- Sahni Location in Punjab, India Sahni Sahni (India)
- Coordinates: 31°20′00″N 75°52′00″E﻿ / ﻿31.33333°N 75.86667°E
- Country: India
- State: Punjab
- District: Kapurthala

Government
- • Type: Panchayati raj (India)
- • Body: Gram panchayat

Population (2001)
- • Total: 1,264

Languages
- • Official: Punjabi
- Time zone: UTC+5:30 (IST)
- PIN: 144405
- Telephone code: 01824
- Vehicle registration: PB-
- Coastline: 0 kilometres (0 mi)

= Sahni, Punjab =

Sahni is a village near Lakhpur, Tehsil Phagwara, Kapurthala district, in Punjab, India.
The village is also known as Lakhpur Sahni.
This village is located on the road from village Rawal-pindi to village Panchhata.

==Demographics==
According to the 2001 Census, Sahni has a population of 1,264 people.
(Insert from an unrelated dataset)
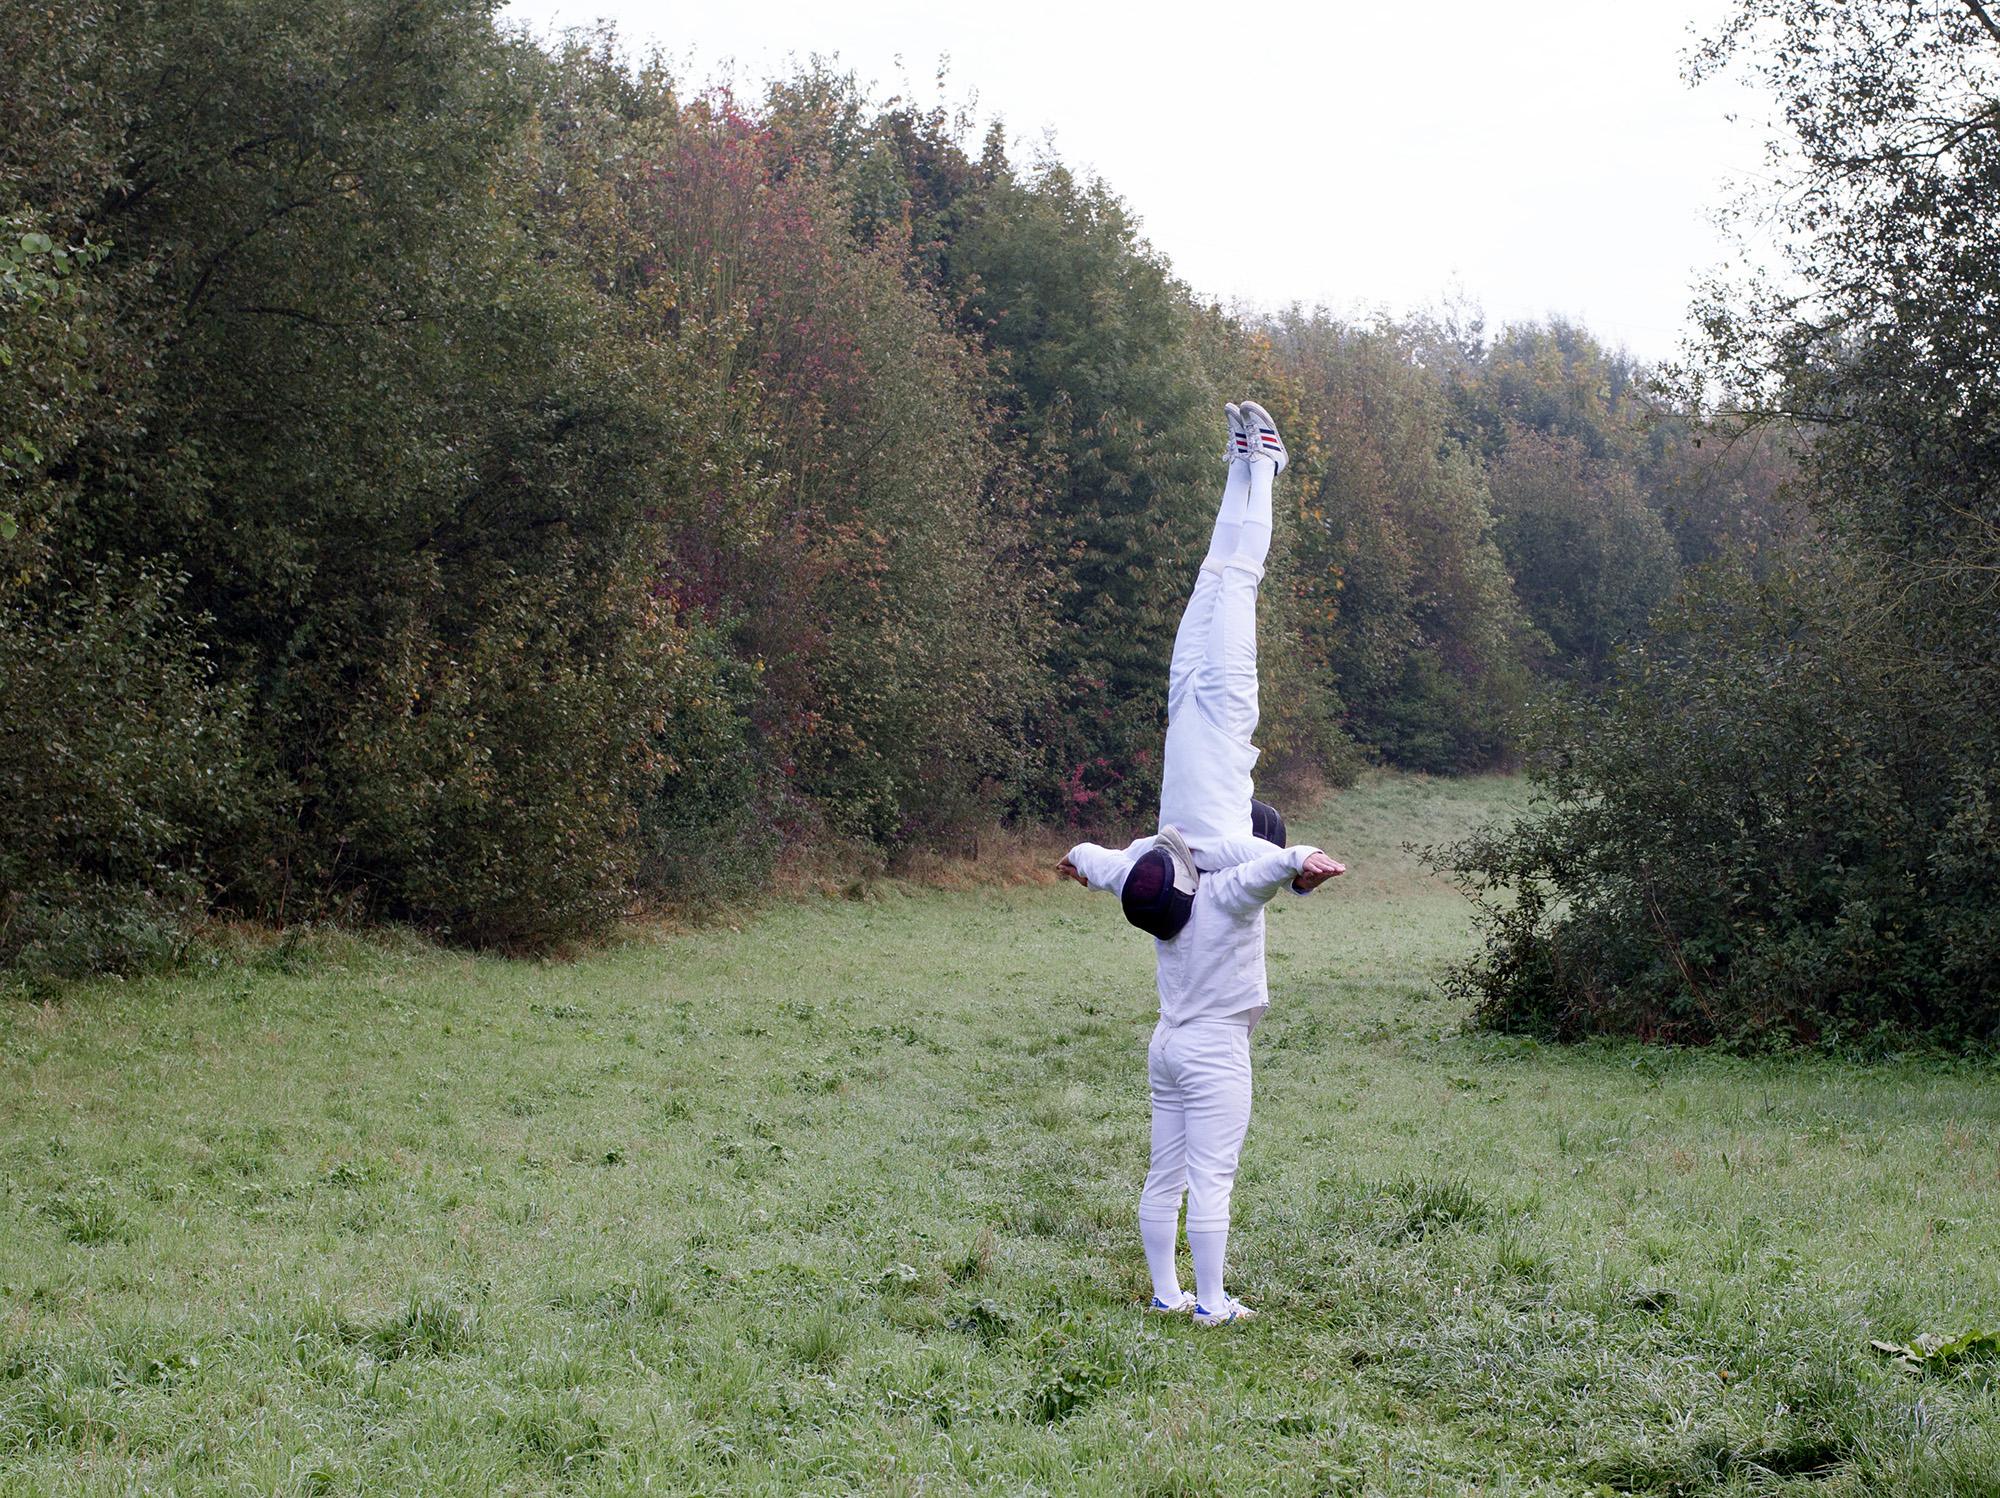 wren-artists-jean-baptiste-courtier-3

Neighbouring villages include Lakhpur, Malikhpur, Nasirabad, Rampur Khalyan, Prempur, Harbanspur, Rampur Sunra and Bir Dhadoli.

Sahni is situated on the Phagwara-Hoshiarpur Road. It is 14 km from Phagwara, 29 km from Hoshiarpur, 35 km from Jalandhar and 55 km from Ludhiana. Most of the population belongs to Bangar, Kaushal and Kahlon clans. The village has a Government High School.